Dead Air Silencers is an American manufacturing company best known for their silencers.

History 
Dead Air Silencers was founded in 2014 by Mike Pappas and Todd Magee, both formerly of SilencerCo. They manufacture products for military, police, and civilian sales. Some of their silencers are intended for hunting use.

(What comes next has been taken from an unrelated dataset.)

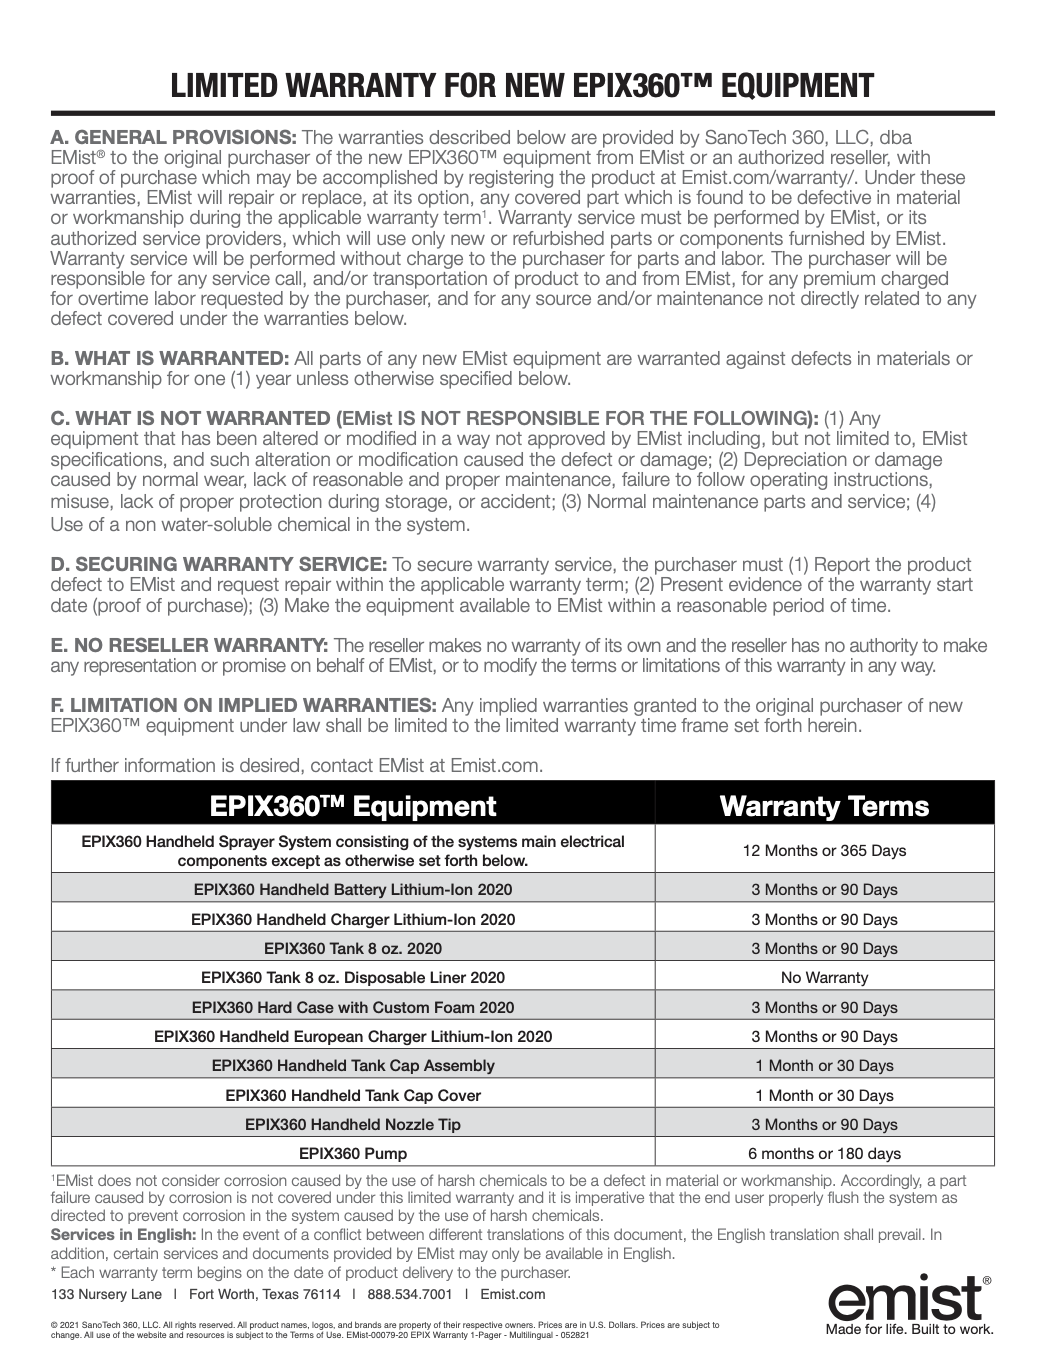 EMist EPIX360 User Manual PDF image thumbnail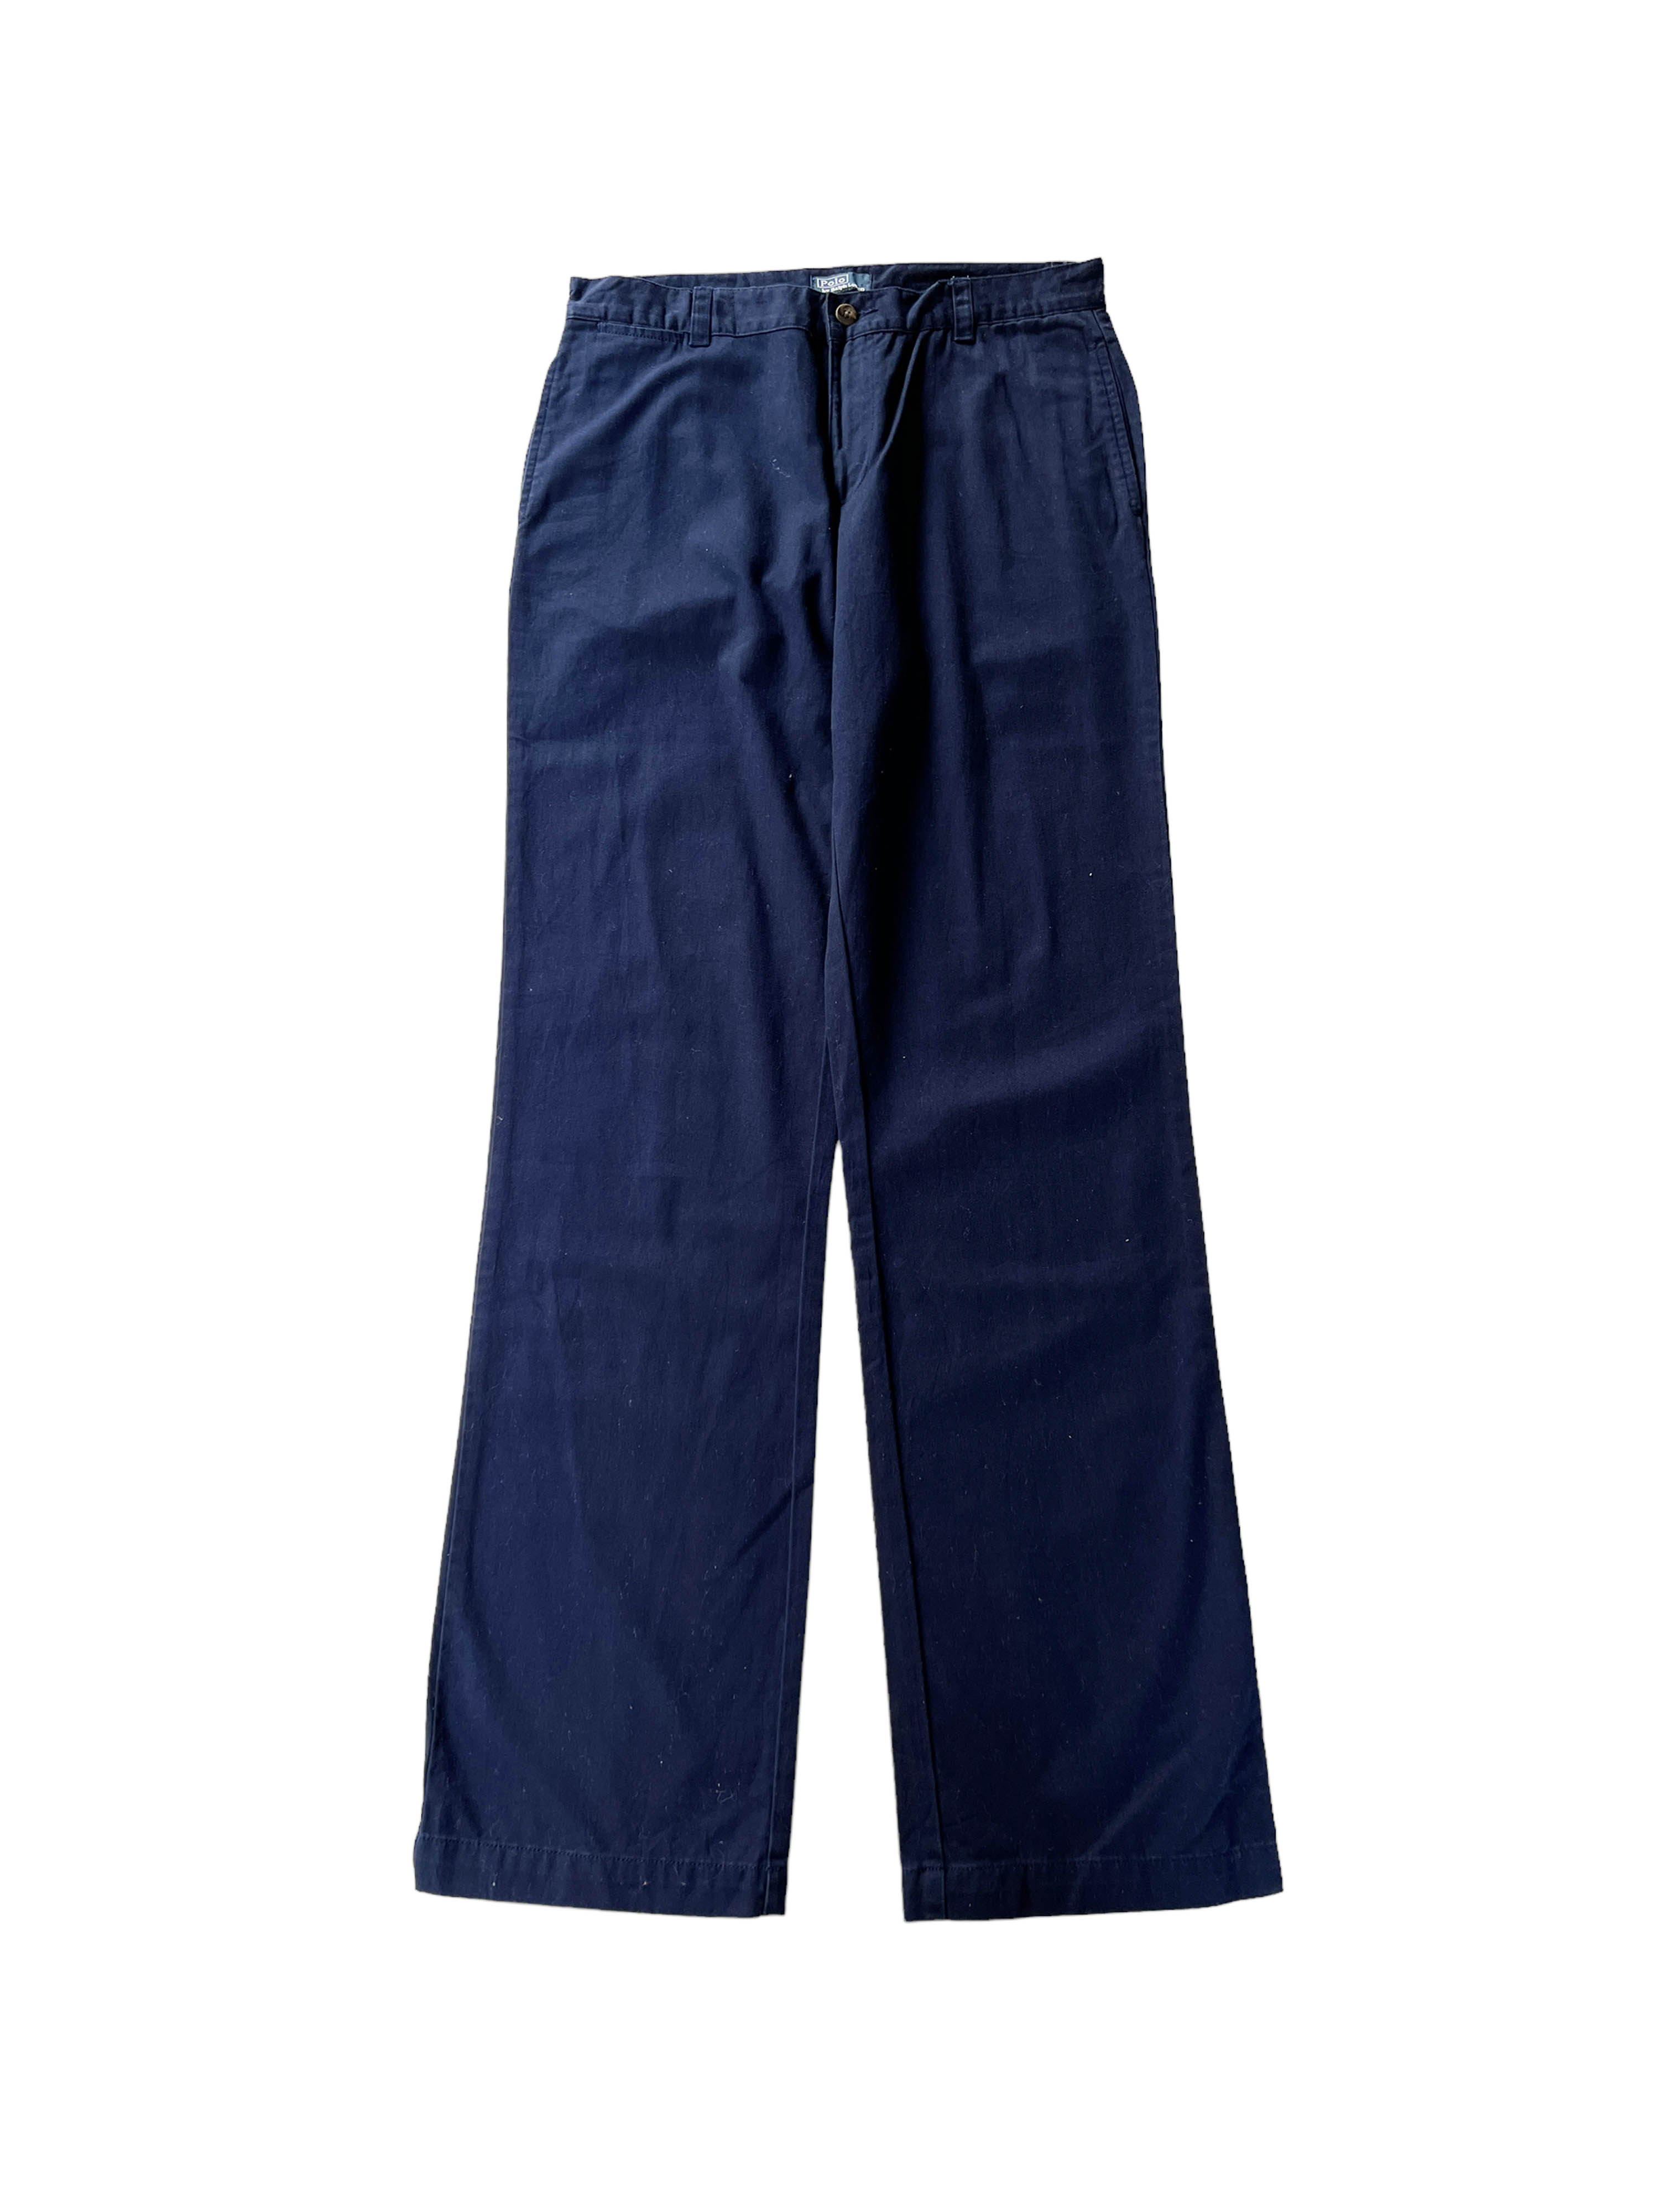 Polo Ralph Lauren navy chino pants

In the beginning they focused on the multicaliber silencer market producing silencers designed to be used with a number of different calibers. This due to the requirements of US commercial customers who must procure a different Bureau of Alcohol, Tobacco, Firearms and Explosives tax stamp for each silencer they own. Their first silencer was the Sandman series.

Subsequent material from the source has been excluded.